■ **WORK TASK**:
Here the job is to transcribe the data exactly while omitting the images.

■ **RAW DATA**:
------------------------------------------------------------

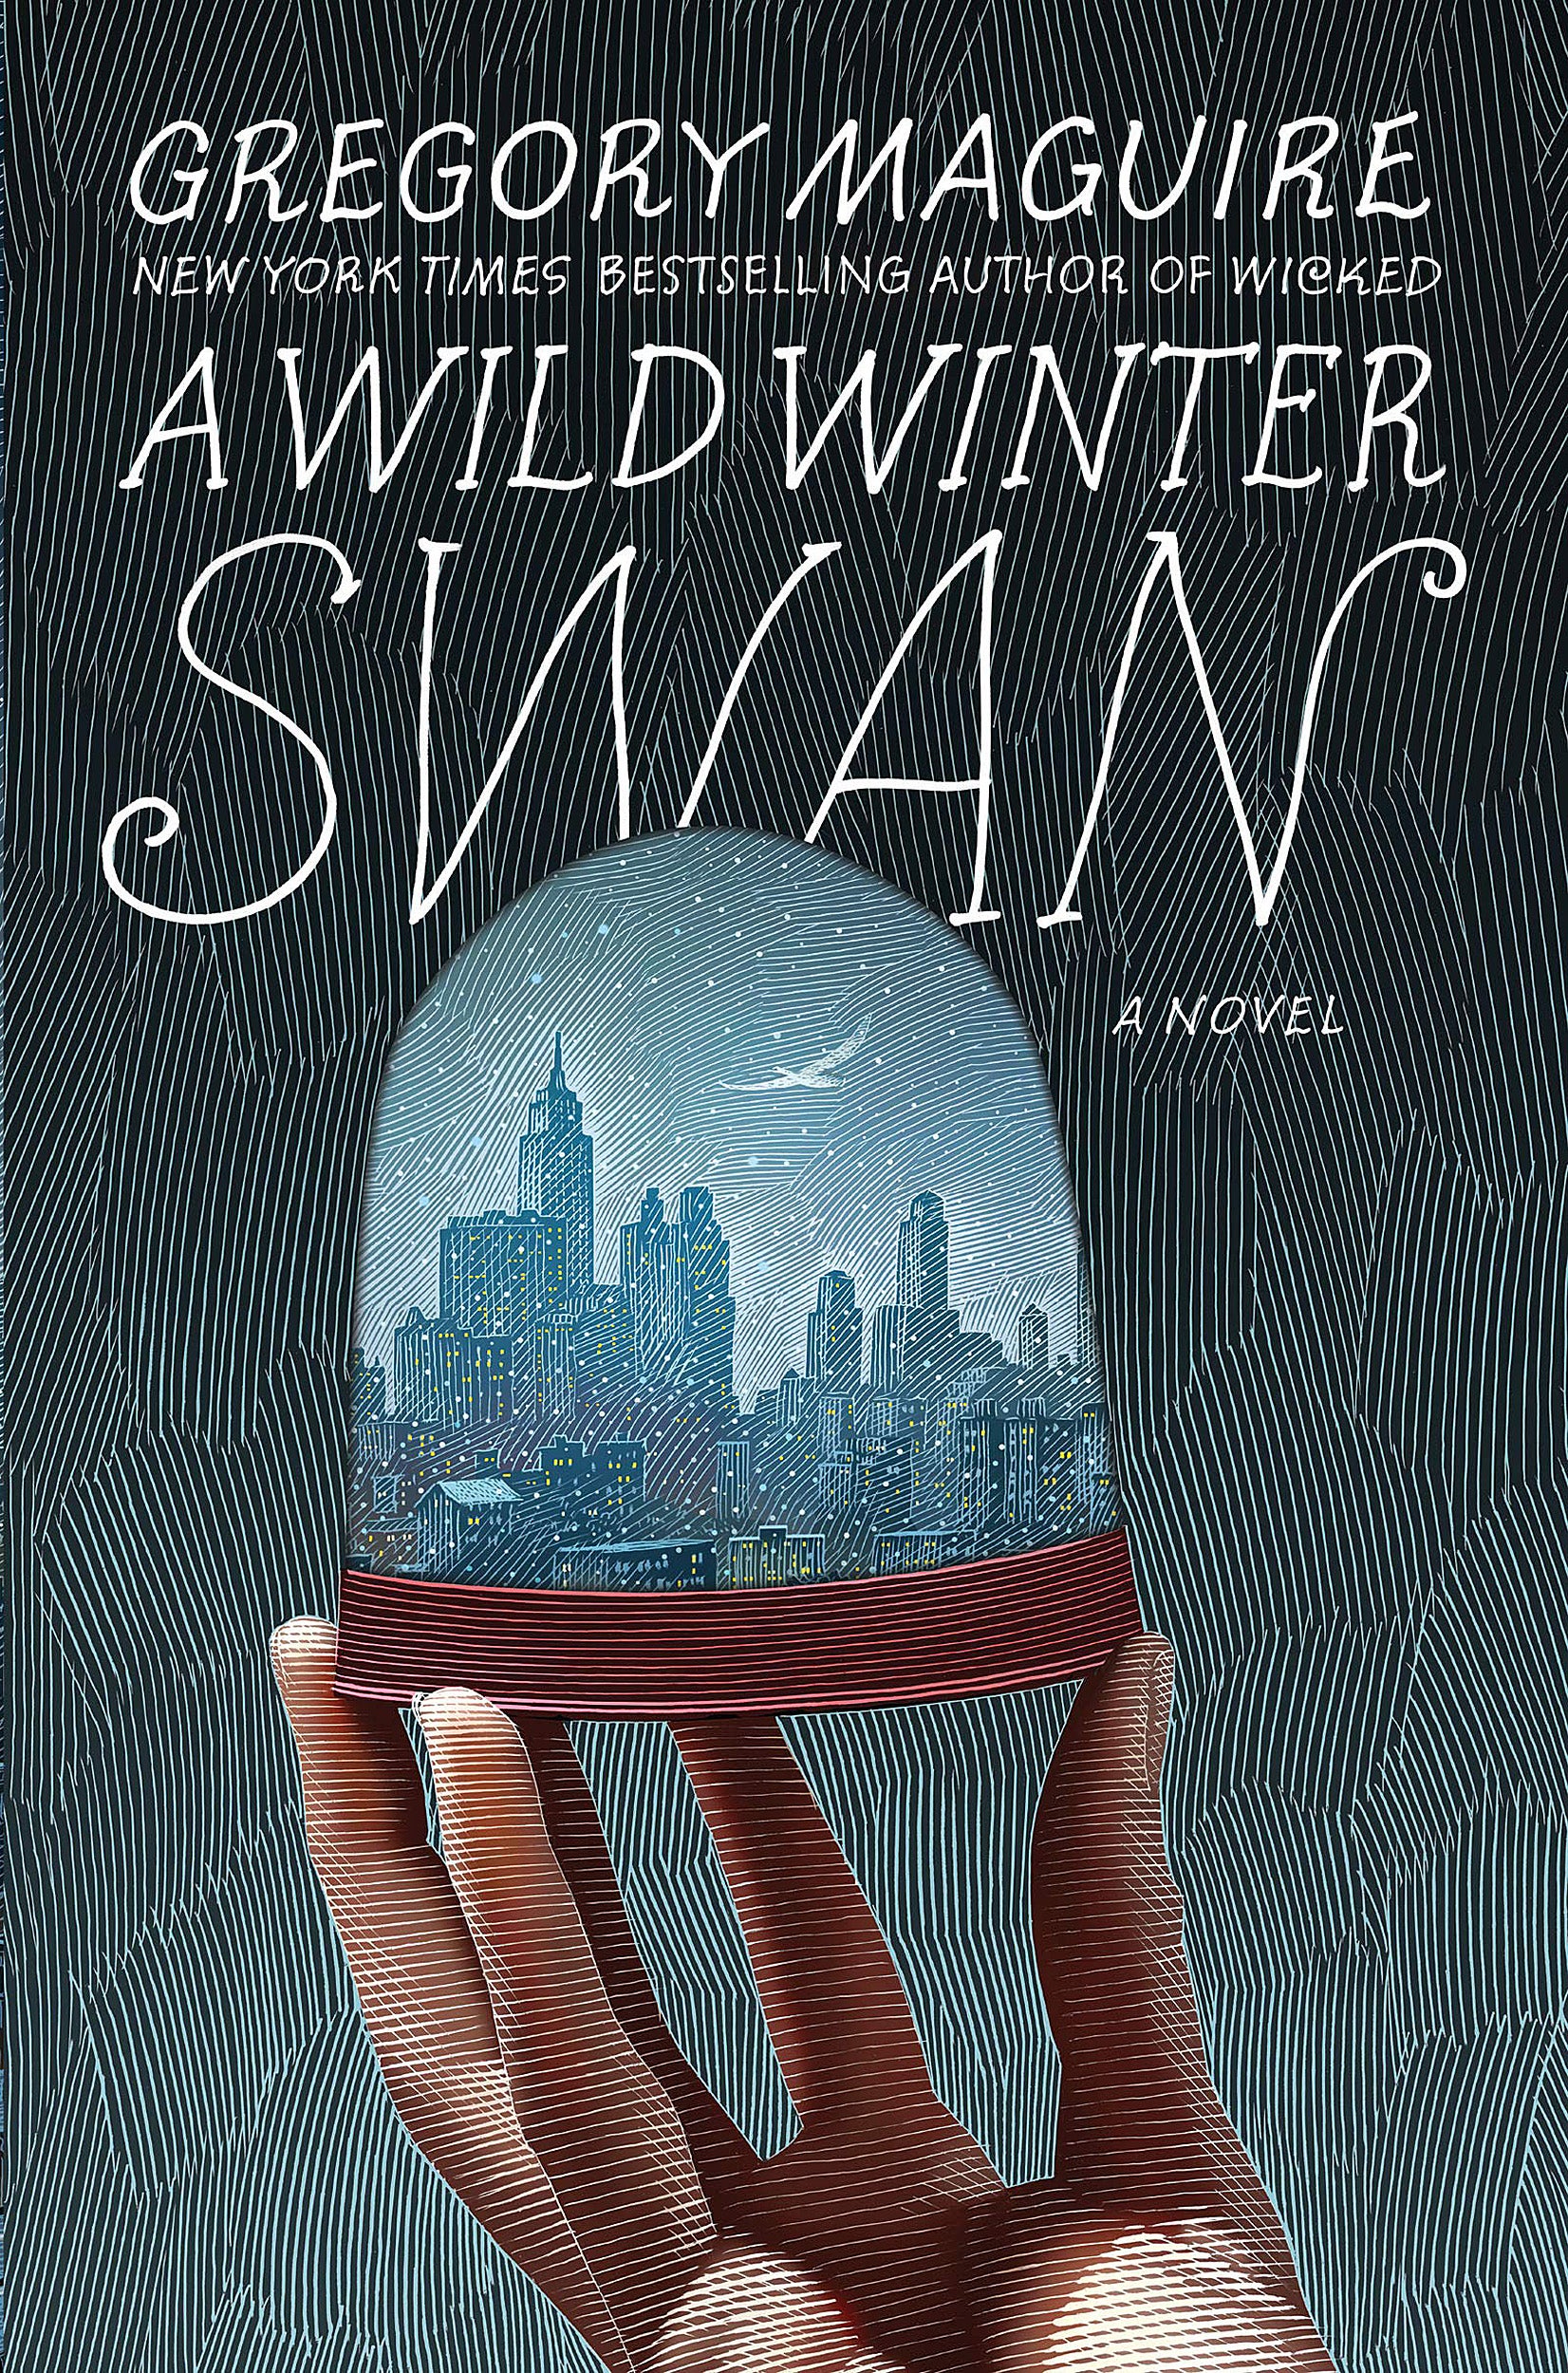 Cover of “A Wild Winter Swan” by Gregory Maguire.
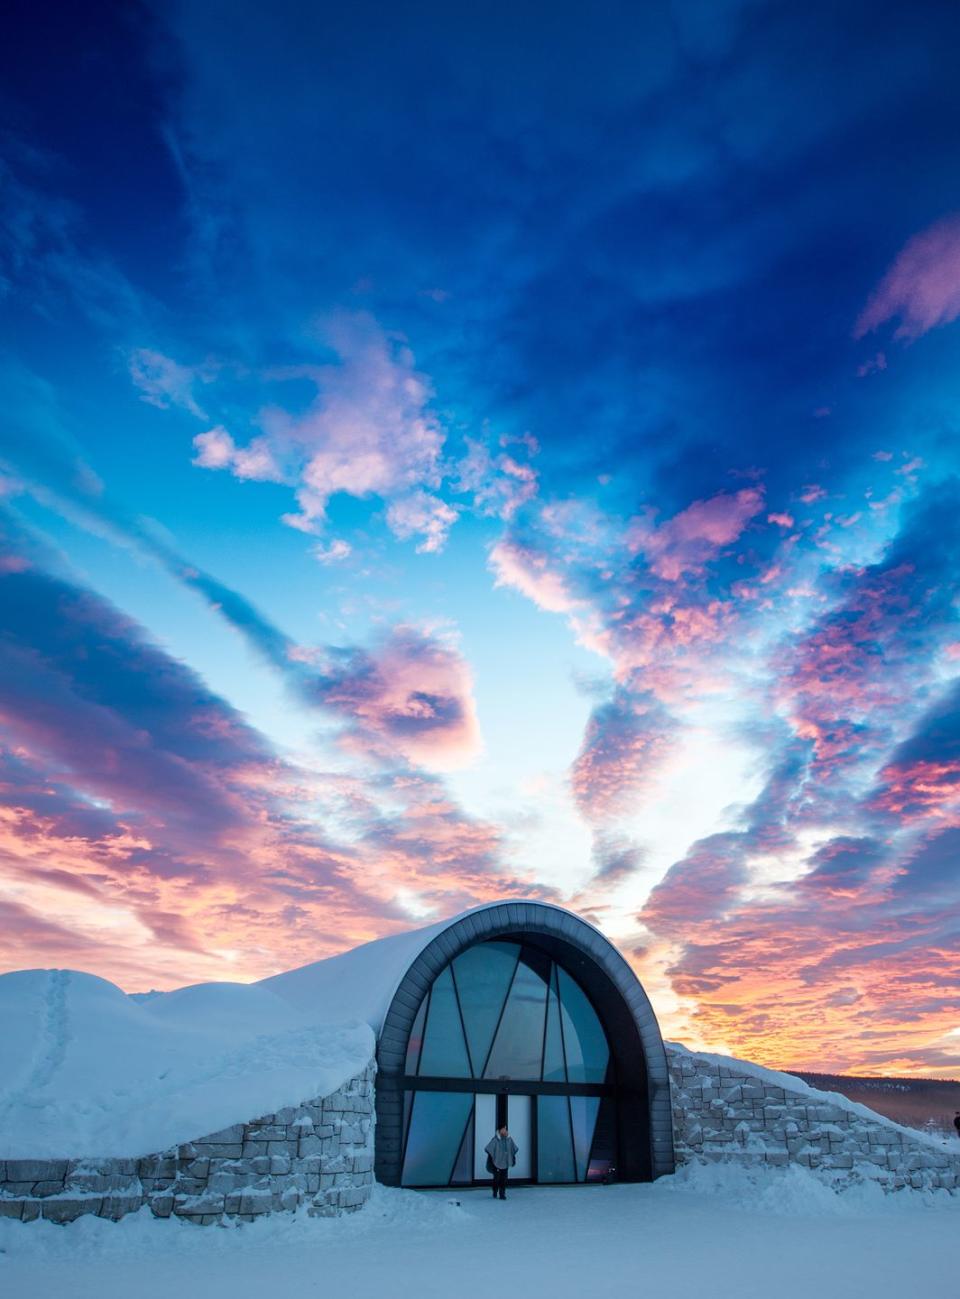 6) Catch a glimpse of the Lights from Sweden's ice hotel
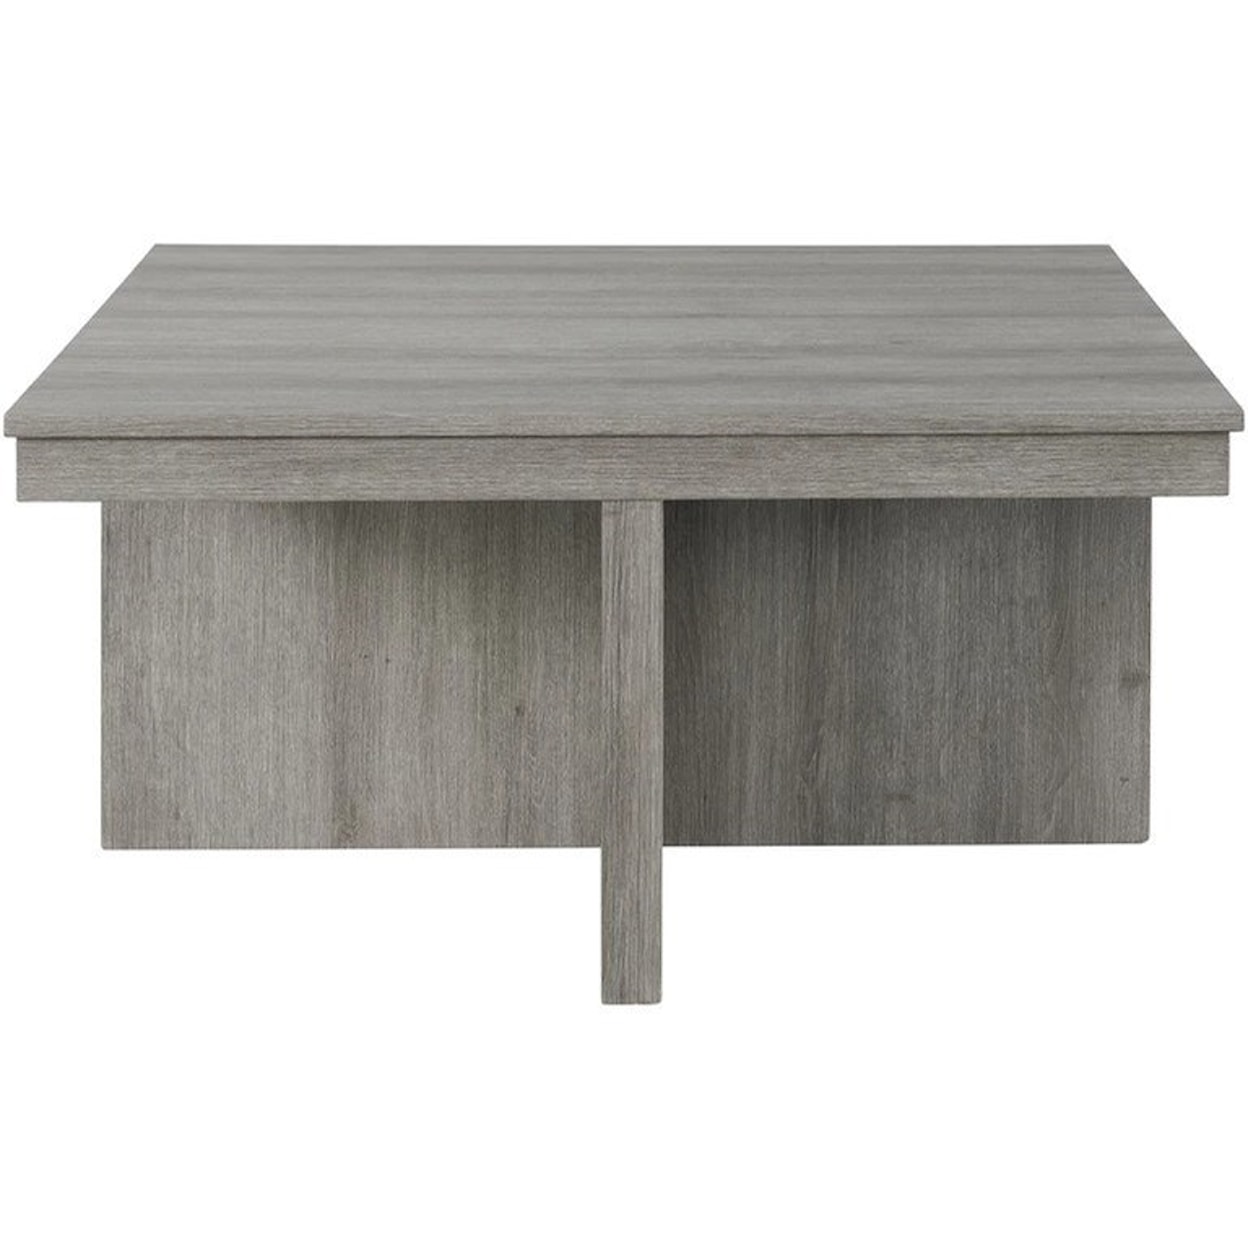 Elements International Uster Coffee Table with Nesting Stools
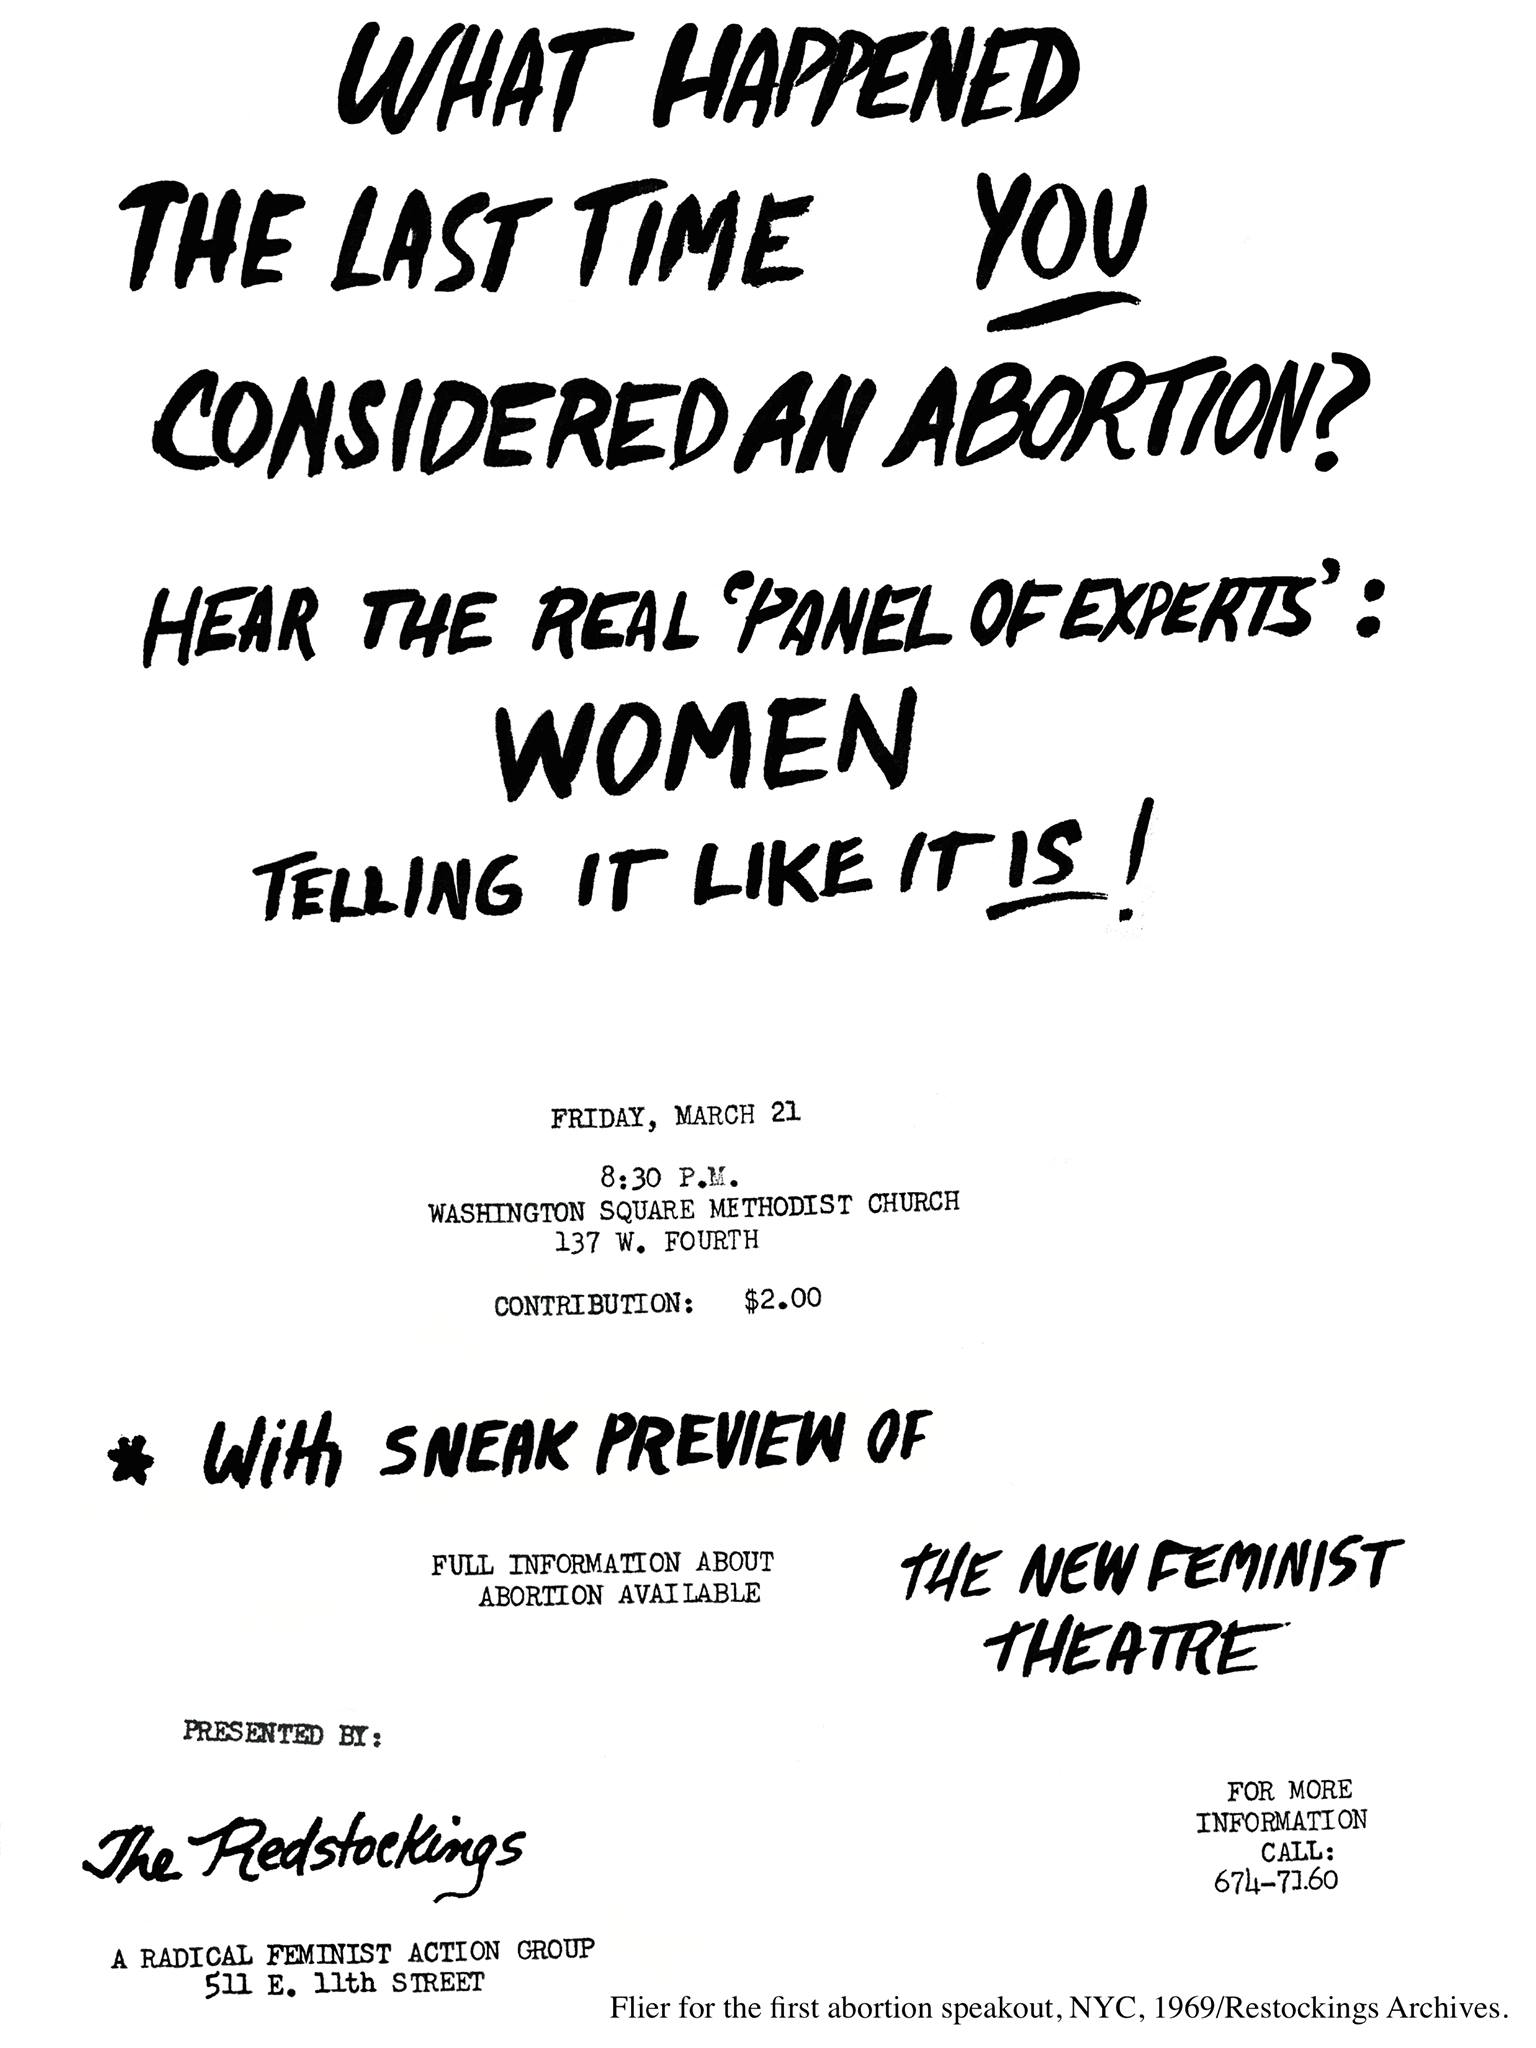 text reads: What happened the last time you had an abortion? Hear the real panel of experts: WOMEN telling it like it is! Friday, March 21st, 8:30pm

------------------------------------------------------------

■ **SOLVED PROBLEM**:
 Cover of “A Wild Winter Swan” by Gregory Maguire.
 6) Catch a glimpse of the Lights from Sweden's ice hotel
 Elements International Uster Coffee Table with Nesting Stools
 text reads: What happened the last time you had an abortion? Hear the real panel of experts: WOMEN telling it like it is! Friday, March 21st, 8:30pm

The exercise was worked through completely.